Tennis knee injury treatment – A Prolotherapy success story
When Kam was an avid tennis player who played twice a week. He had always been lean and active and now at age 66, he wanted to remain so. He worried that his Knee Pain would interfere with his active lifestyle. Kam was like many patients – he had pain while walking down stairs and warming up for tennis.
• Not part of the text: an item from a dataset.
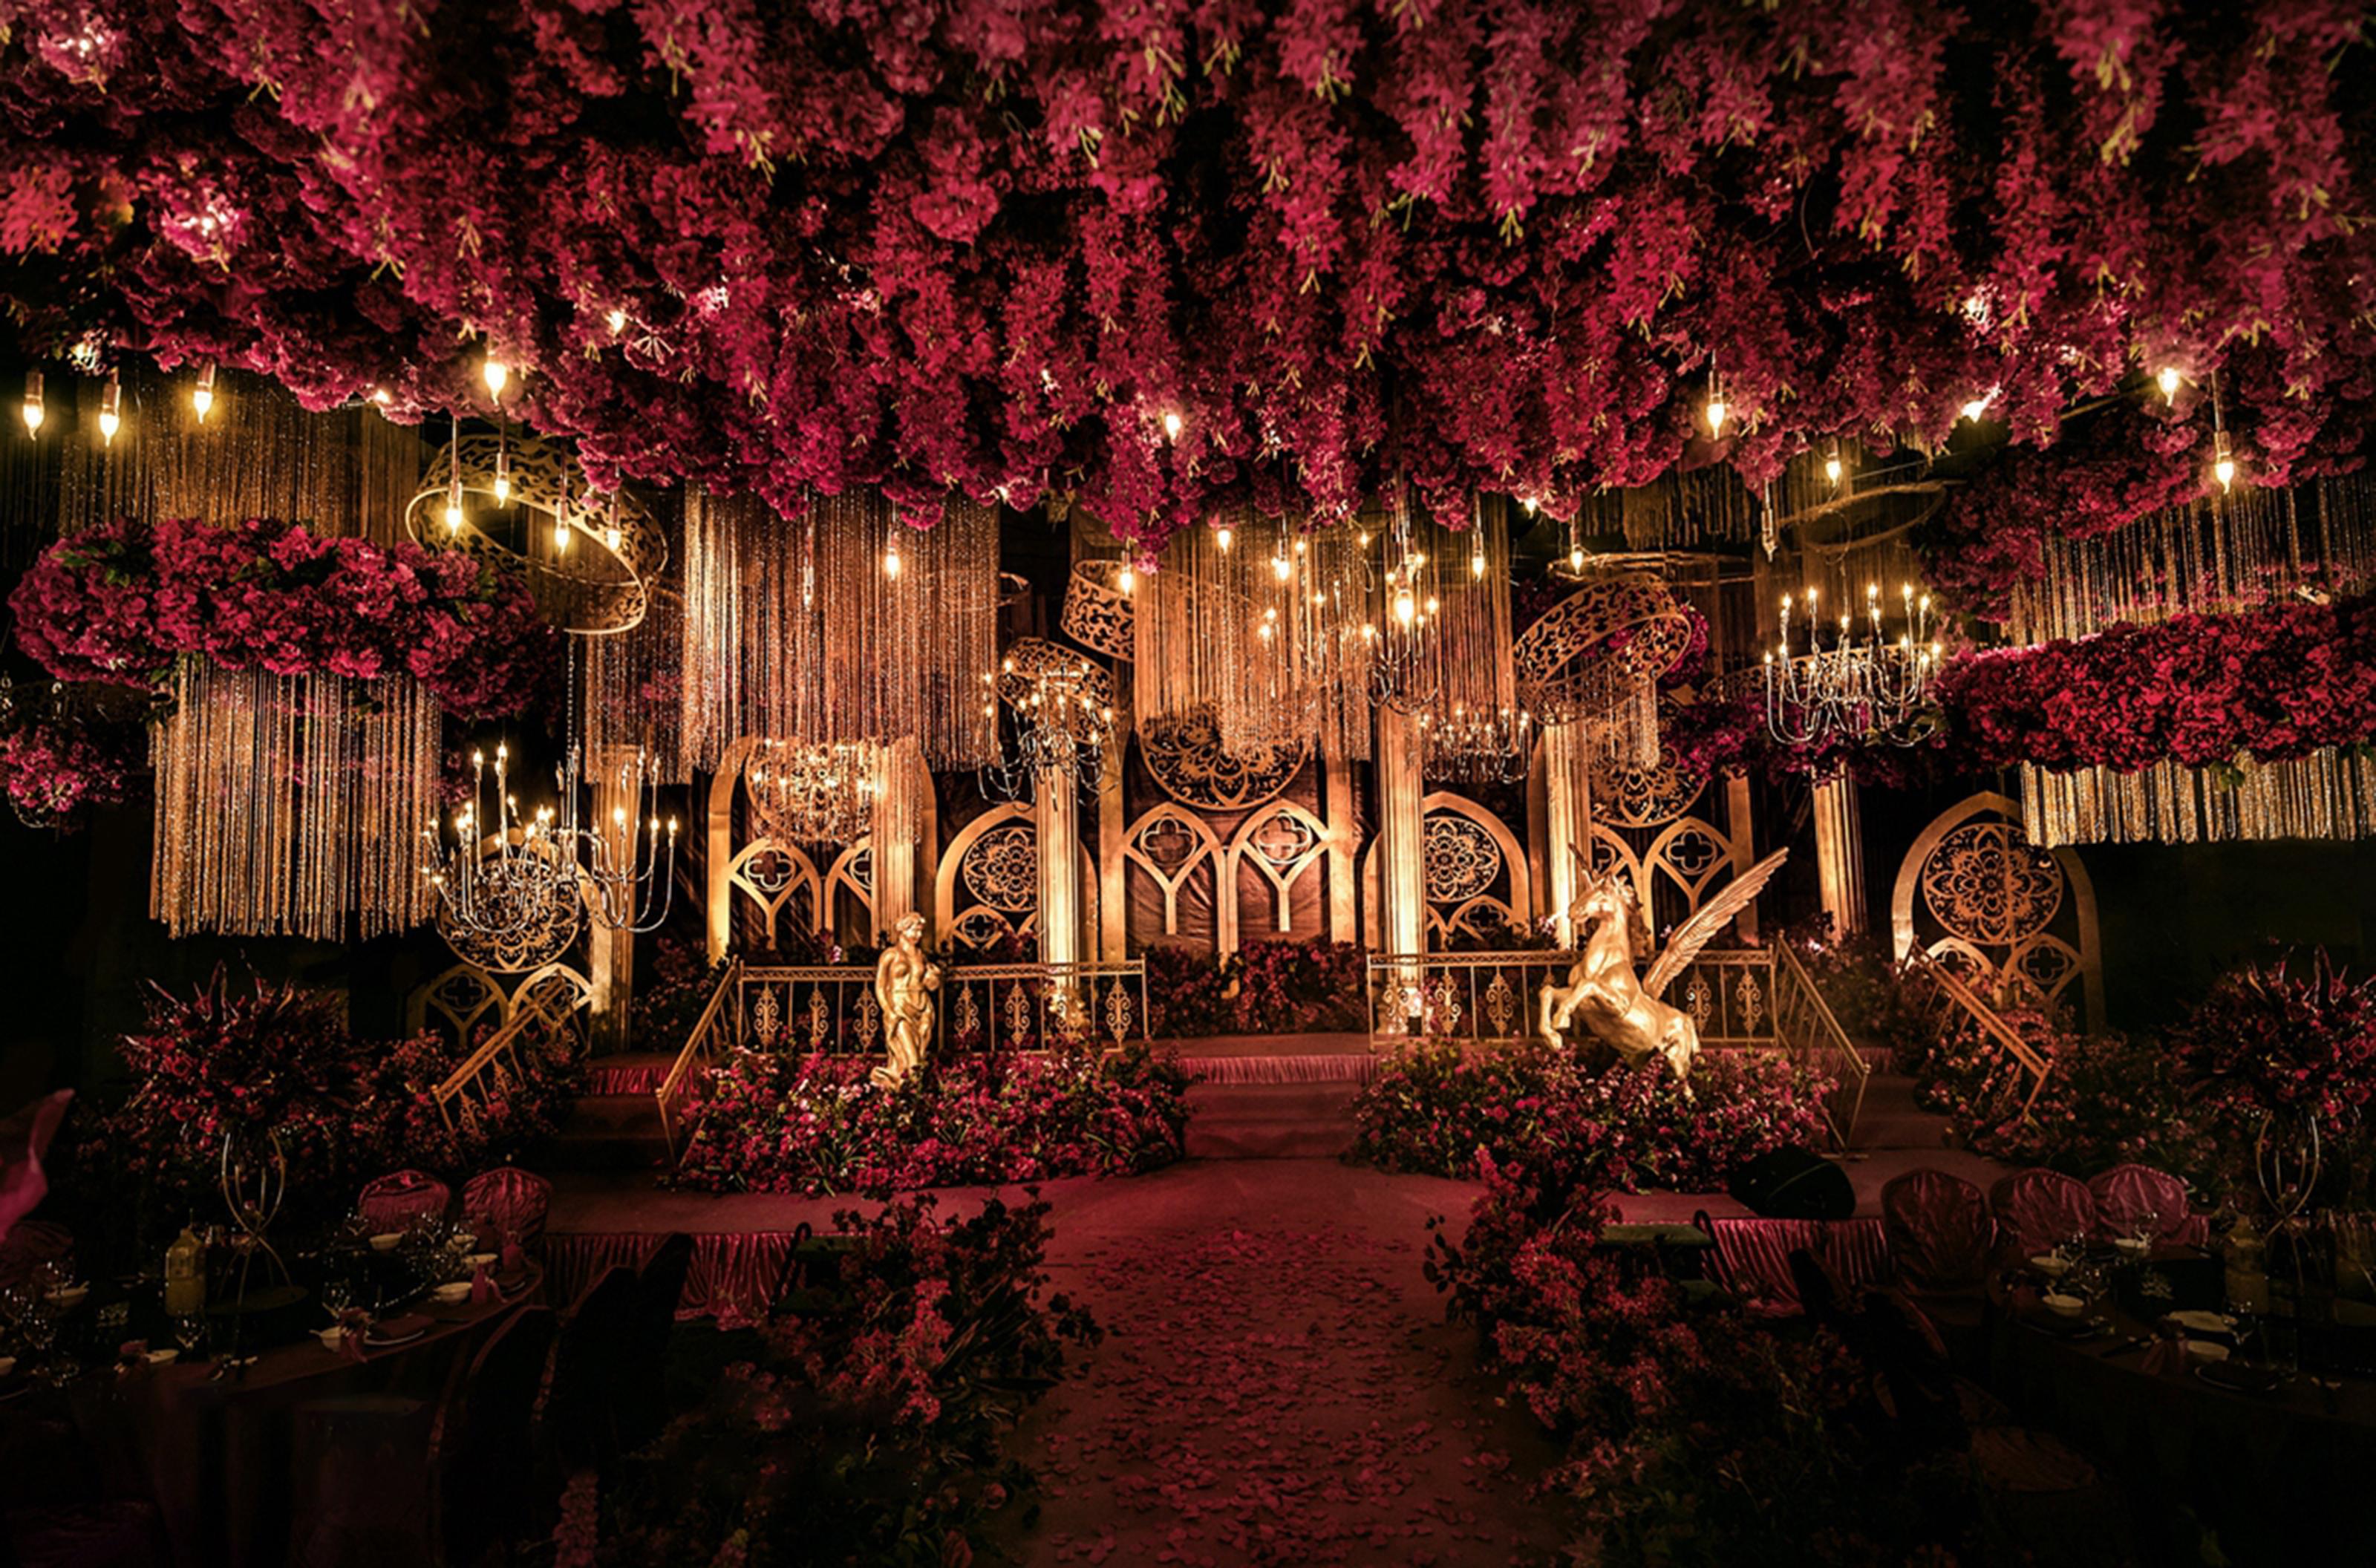 欧式城堡主题婚礼|高端定制奢华梦幻婚礼一站式服务

The pain when playing would abate somewhat during play, but after a match the pain would become fairly severe, sometimes taking five days to subside.
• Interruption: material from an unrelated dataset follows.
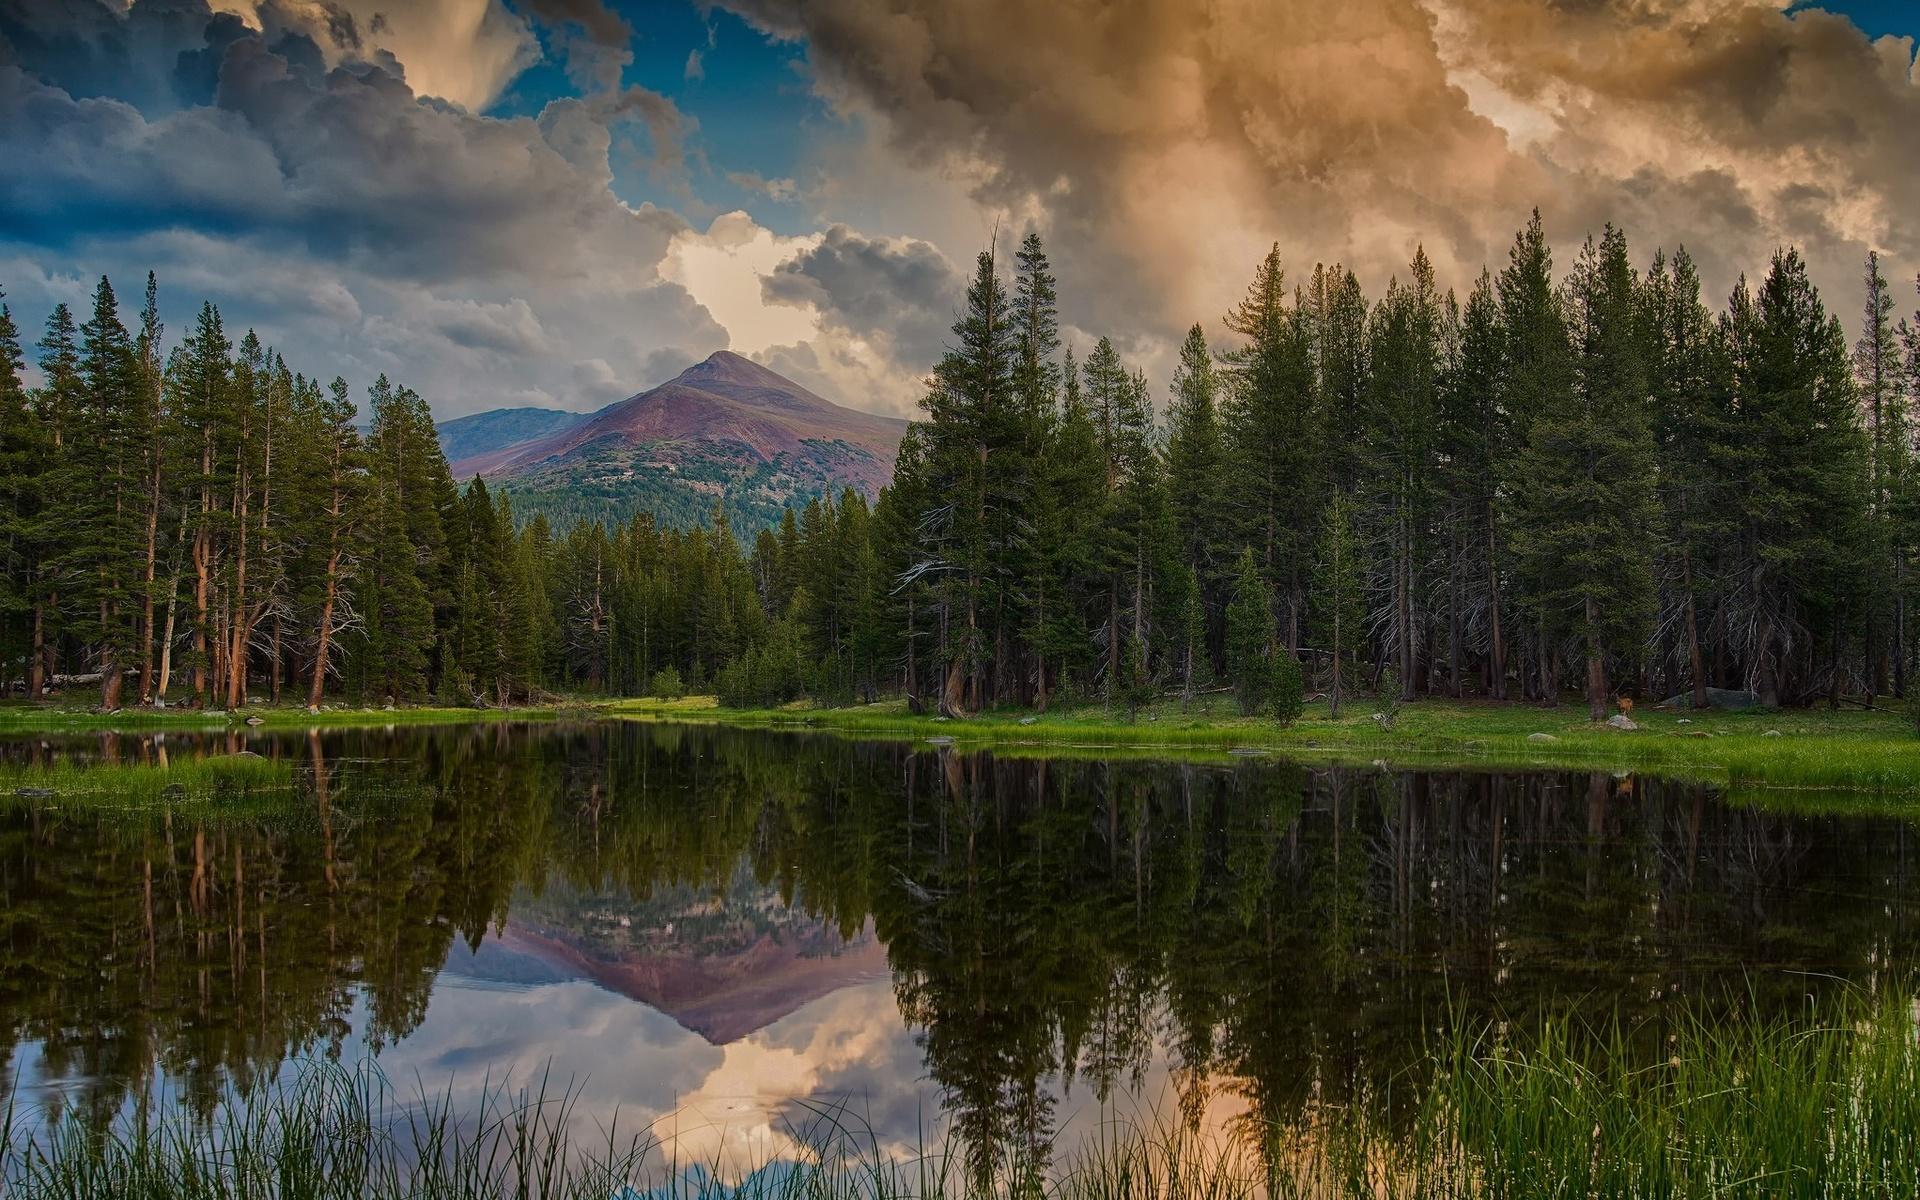 выдающийся красивые картинки озеро лес узнать

Prolotherapy for meniscal repair
For his own peace of mind, Kam had an MRI. The images showed a small Baker’s cyst, a tear of the medial meniscus, high-grade chondromalacia, a focal chondral defect, and joint effusion. Needless to say, this report did not give him the confidence that a conservative treatment like Prolotherapy would work for such a laundry list of problems. During his second visit, he expressed his worries to Dr. Hauser and feared he may need knee surgery. Though he did not have any noticeable improvement from the first treatment, Dr. Hauser reassured him that from the physical exam his knee did not seem as bad as the MRI indicated and that he should do well with Prolotherapy.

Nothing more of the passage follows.